I was fascinated by two aspects of this article on cancer — the lay description of how cancer cells work, and the frustration with how outdated laws inhibit cancer research.

Death of cancer

Here’s an excerpt of the biology part:

Humans derive their energy from two forms of metabolism: oxidative phosphorylation and glycolysis. Oxidative phosphorylation, the most efficient form of metabolism, takes place in the presence of oxygen carried by red blood cells in the bloodstream (that’s what ‘oxidative’ means). It results in the complete metabolism of nutrients to glucose; that glucose is then converted into water and carbon dioxide, which are easily excreted by the lungs and kidneys.

On the other hand, humans generally derive energy from less-efficient glycolysis only when oxygen is in short supply. Glycolysis is the metabolic system tapped by the muscles of long-distance runners, for example, after oxygen has been spent.

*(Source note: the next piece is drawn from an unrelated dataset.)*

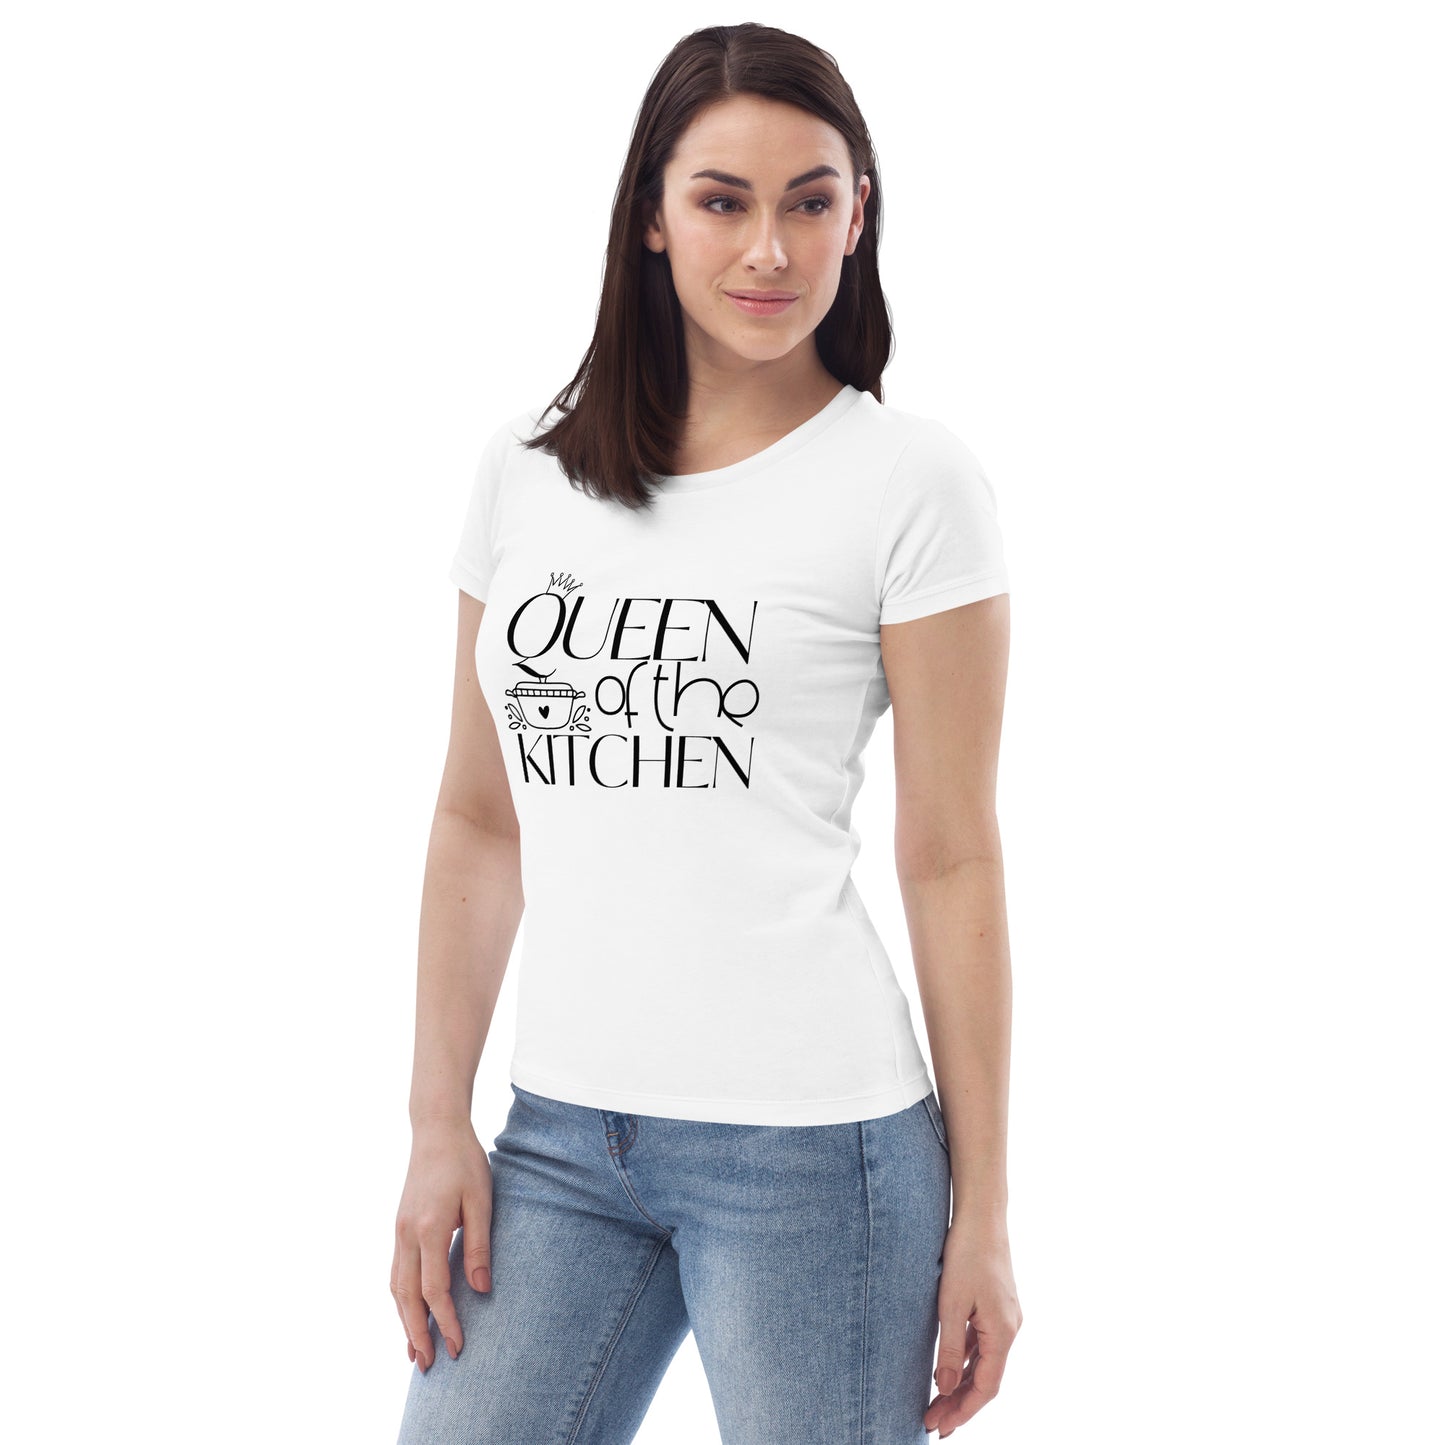 Queen of the kitchen - custom made 100% organic cotton T-Shirt. Perfect for the hobby chef. Color: white

Very rarely, however, glycolysis can take place when oxygen is present. One of those rare instances includes the circumstance of the cancer cell, which prefers glycolysis, as inefficient as it is, because it burns glucose only incompletely, leaving parts of molecules behind that can be used to synthesise DNA and other large molecules that rapidly dividing cells need. The cancer cell, like the embryo, retains the ability to switch back and forth between the two forms of metabolism, depending on a cell’s needs at the time.

The political aspect of this article is how outdated laws — on overtime, the environment, and cancer research, among others — are very difficult to fix. What do you think of “sunset provisions” for laws, where a law either has to be re-approved after a period of time, re-approved with changes or lapse? Would this result in legal chaos? I know we have enough lawyers that I’ll get an informed opinion.

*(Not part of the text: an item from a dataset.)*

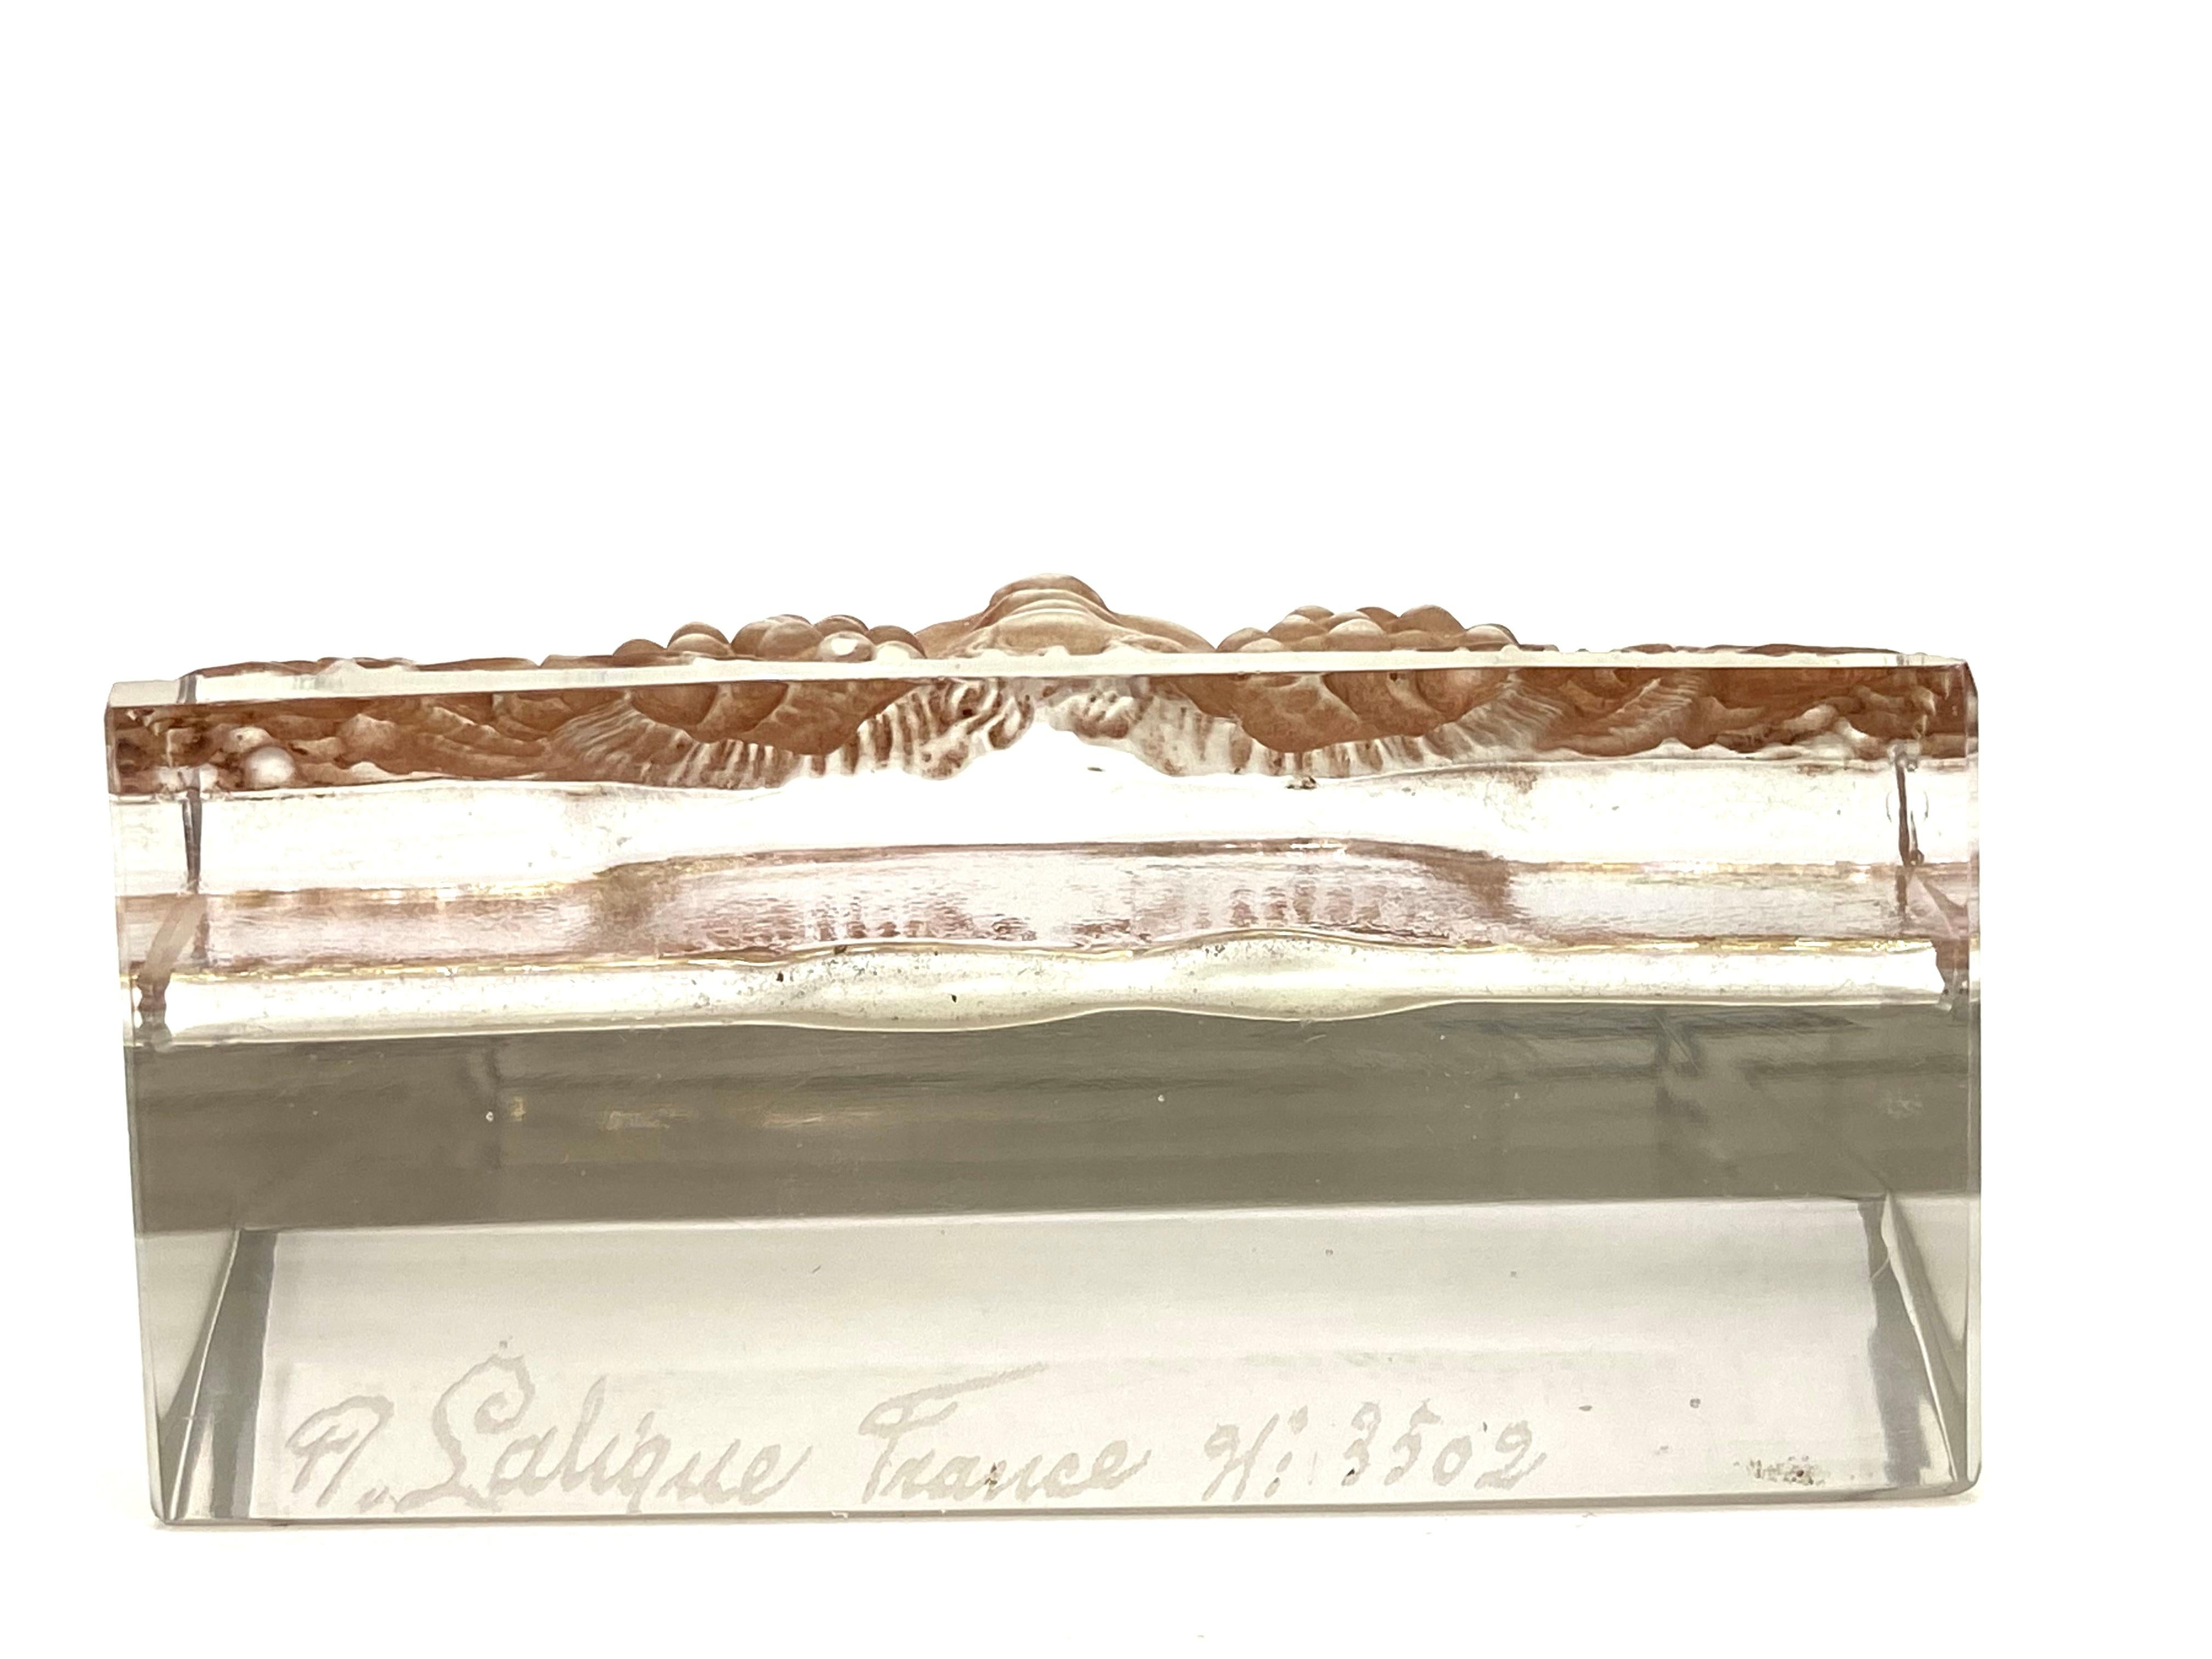 Molded 1928 René Lalique Faune Menu Holder Clear Glass with Sepia Patina

Telemedicine — Yay Or Nay?

by Grace aka costofcollege

Telemedicine may be the wave of the future for many types of health care.

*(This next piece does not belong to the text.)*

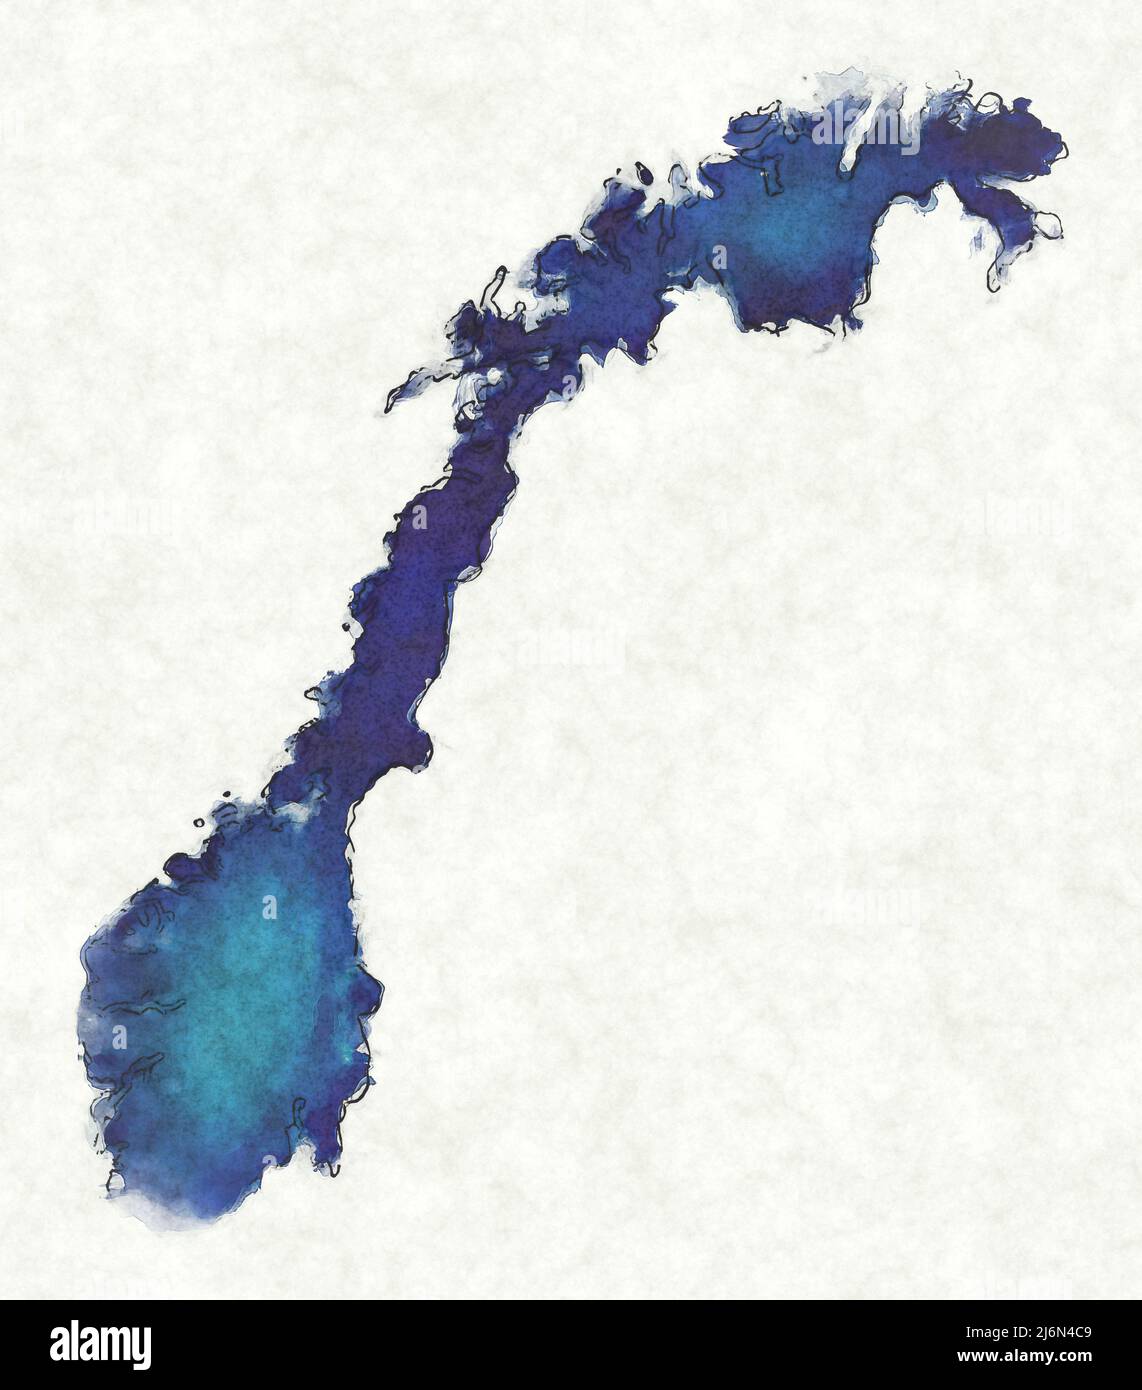 Norway map with drawn lines and blue watercolor illustration Stock Photo

The same forces that have made instant messaging and video calls part of daily life for many Americans are now shaking up basic medical care. Health systems and insurers are rushing to offer video consultations for routine ailments, convinced they will save money and relieve pressure on overextended primary care systems in cities and rural areas alike. And more people like Ms. DeVisser, fluent in Skype and FaceTime and eager for cheaper, more convenient medical care, are trying them out….

But telemedicine is facing pushback from some more traditional corners of the medical world. Medicare, which often sets the precedent for other insurers, strictly limits reimbursement for telemedicine services out of concern that expanding coverage would increase, not reduce, costs. Some doctors assert that hands-on exams are more effective and warn that the potential for misdiagnoses via video is great.

Legislatures and medical boards in some states are listening carefully to such criticisms, and a few, led by Texas, are trying to slow the rapid growth of virtual medicine. But many more states are embracing the new world of virtual house calls, largely by updating rules to allow doctor-patient relationships to be established and medications to be prescribed via video. Health systems, facing stiff competition from urgent care centers, retail clinics and start-up companies that offer video consultations through apps for smartphones and tablets, are increasingly offering the service as well.

My new doctor has a terrific email system that allows us to conveniently discuss health issues.  I know a person who is very happy with her Skype psychotherapy sessions.  The possibilities are intriguing.

What’s your experience with telemedicine?  Do you welcome the convenience, or fear that it will lead to many errors and lower quality healthcare?